My birthday party policy

Perspective

Kids’ festivities, like cake, are best in small portions.

September 18, 2011|By Stephanie Ingersoll

The first invitation arrived the summer before our son started nursery school. We had been in town only a month, and our 3-year-old was asked to help celebrate the birthday of one of his soon-to-be classmates. We appreciated the sentiment, based on the assumption that our kids would all soon be friends, but we still declined.

September no longer simply marks the start of the school calendar. It is the official beginning of the relentless kids’ birthday party season. And even as the motivation for these occasions is heartwarming, the modern pace of them is exhausting. Dora, SpongeBob, Spider-Man – the invitations roll in on waves of extravagantly colored envelopes. We have friends with two, three, or four kids who give Monday-morning roundups of their weekends that would put Kim Kardashian to shame.

In an effort to encourage “inclusivity,” many schools have all-or-nothing policies: Invite everyone in a class or no one. It seems especially thoughtful for parents – postponing the dreaded day when we will have to explain to our children why they were not invited. But these policies impose a scale on these events indifferent to family budgets or the desire for an intimate gathering.

It all starts with assembling the requisite gift bag. As one member of the Parents Against Goodie Bags Facebook group laments: “Isn’t spending $100-$1000 on entertainment & food enough?
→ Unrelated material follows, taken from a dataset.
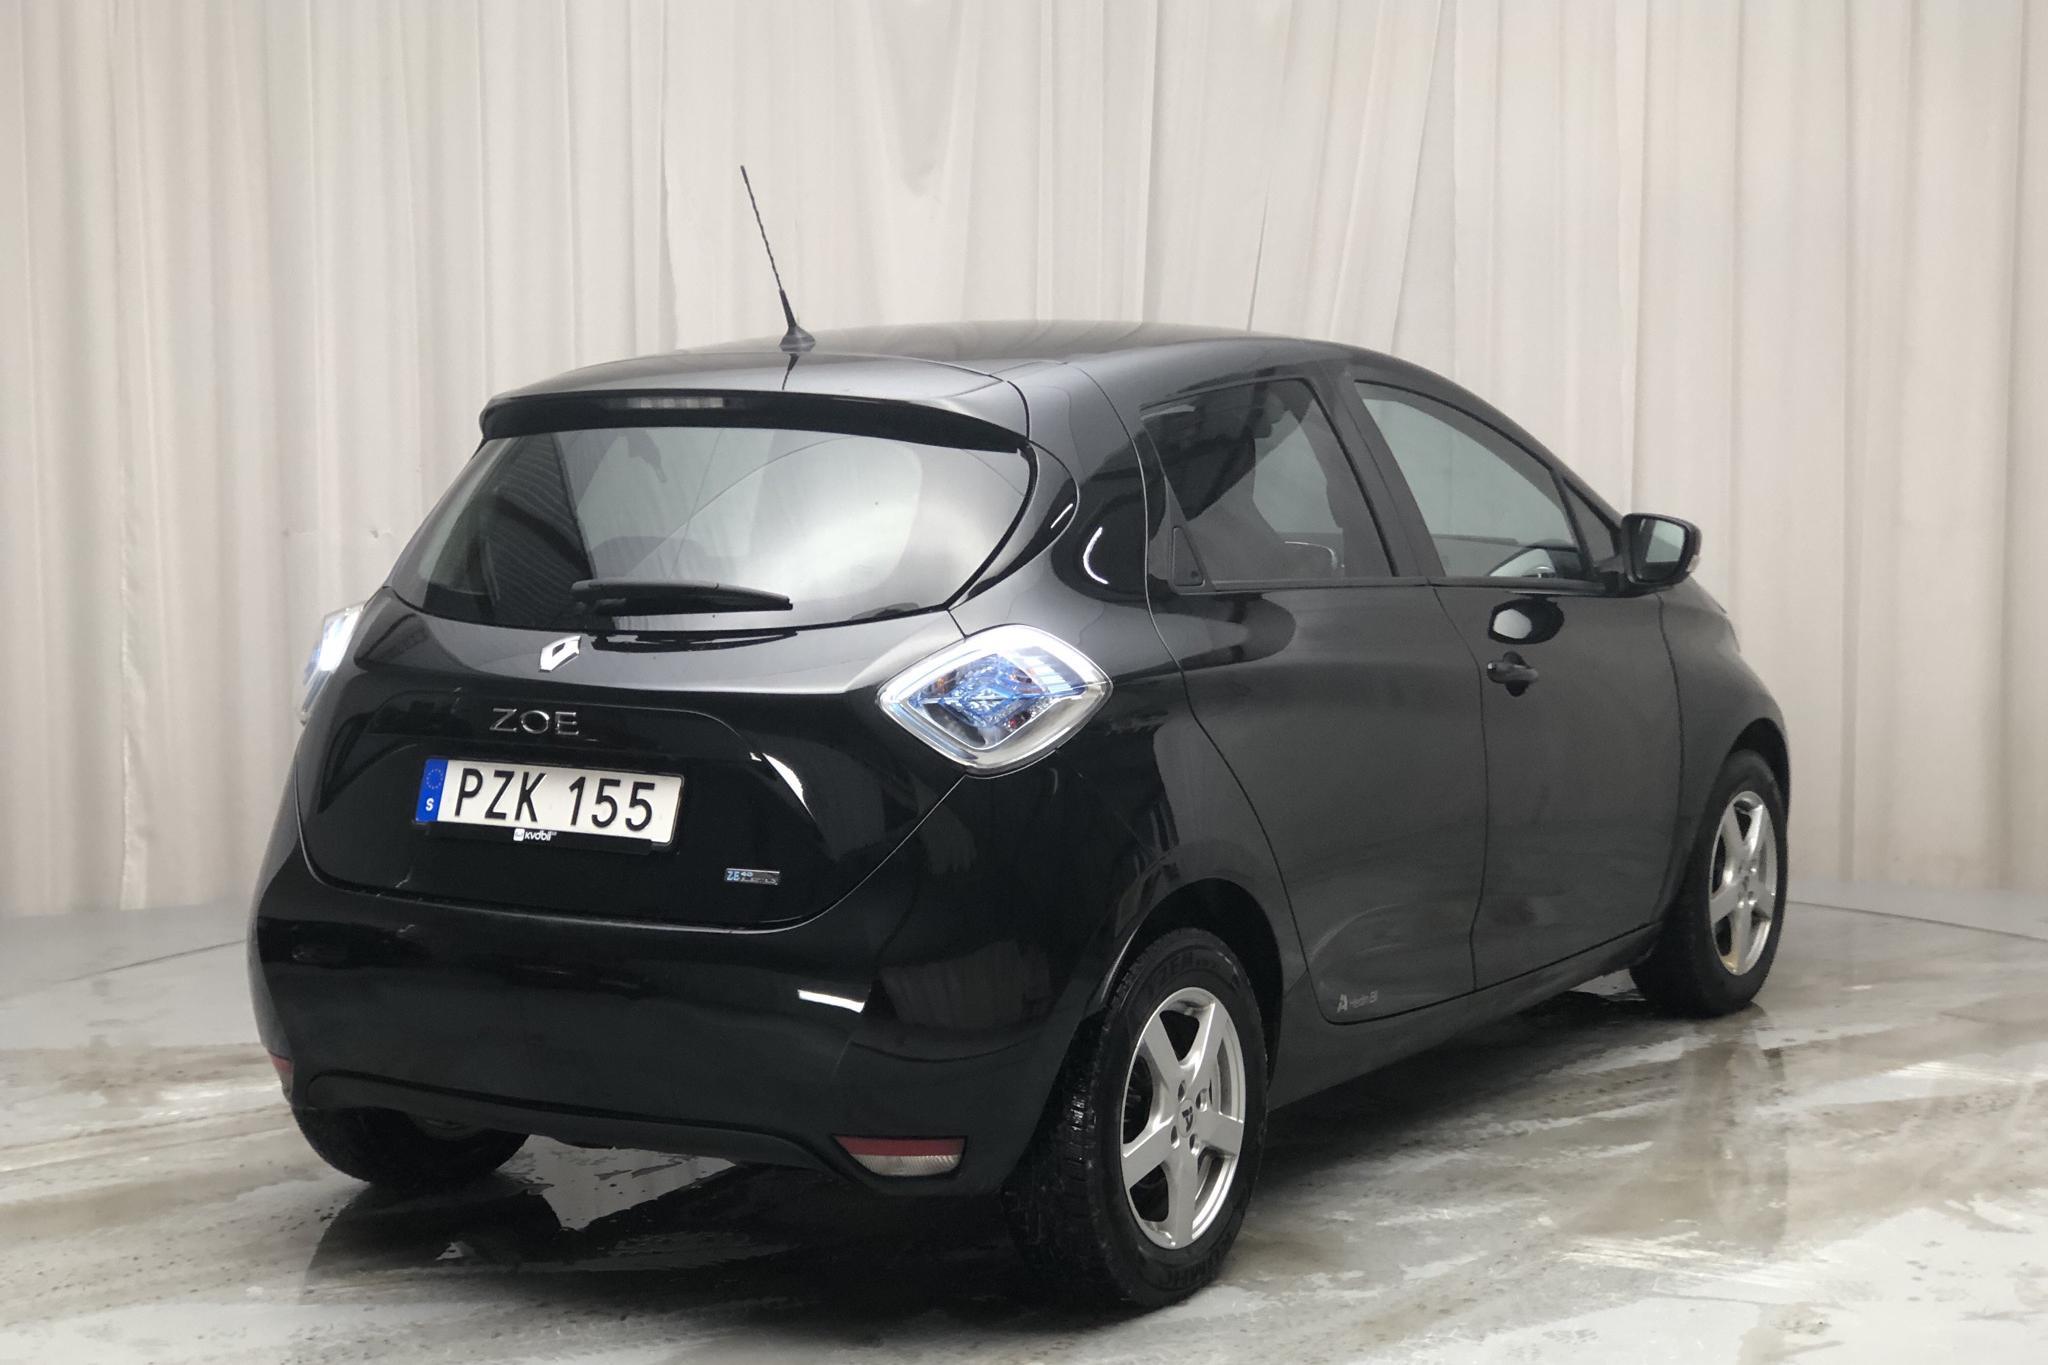 Renault Zoe 41 kWh R90 (92hk) - 10 547 mil - Automat - svart - 2017

Do we really need to saddle our friends with more pencils, erasers and plastic trinkets that inevitably find their way into the trash?”

On the big day, the party is 90 minutes of carefully choreographed fun (set in a contained, well-supervised space) that shuffles kids from arrival to playtime to pizza, capped off with a hearty rendition of “Happy Birthday,” a slice of cake, and a friendly escort to the door. Fill-in-the-blank thank you notes arrive within 48 hours.

Our family policy is simple: one party per weekend per kid, which seems fair to the three of them and to us.

It’s not just the sheer volume of these events that wears us down. It’s the need to find some errand that will take exactly 70 minutes and be within a 4-mile radius of the party so you can be back promptly for pickup. It’s telling younger siblings they can’t go (online discussion boards are flush with rants about parents who bring uninvited “extras” – once known as “siblings” – thus incurring an extra fee for the host).

These parties are often wonders to behold, and our kids have a blast seeing their friends and eating a pound of icing. I know that the parents want to do something memorable and sweet for their kids, but should we feel guilty if we want to keep ours home sometimes?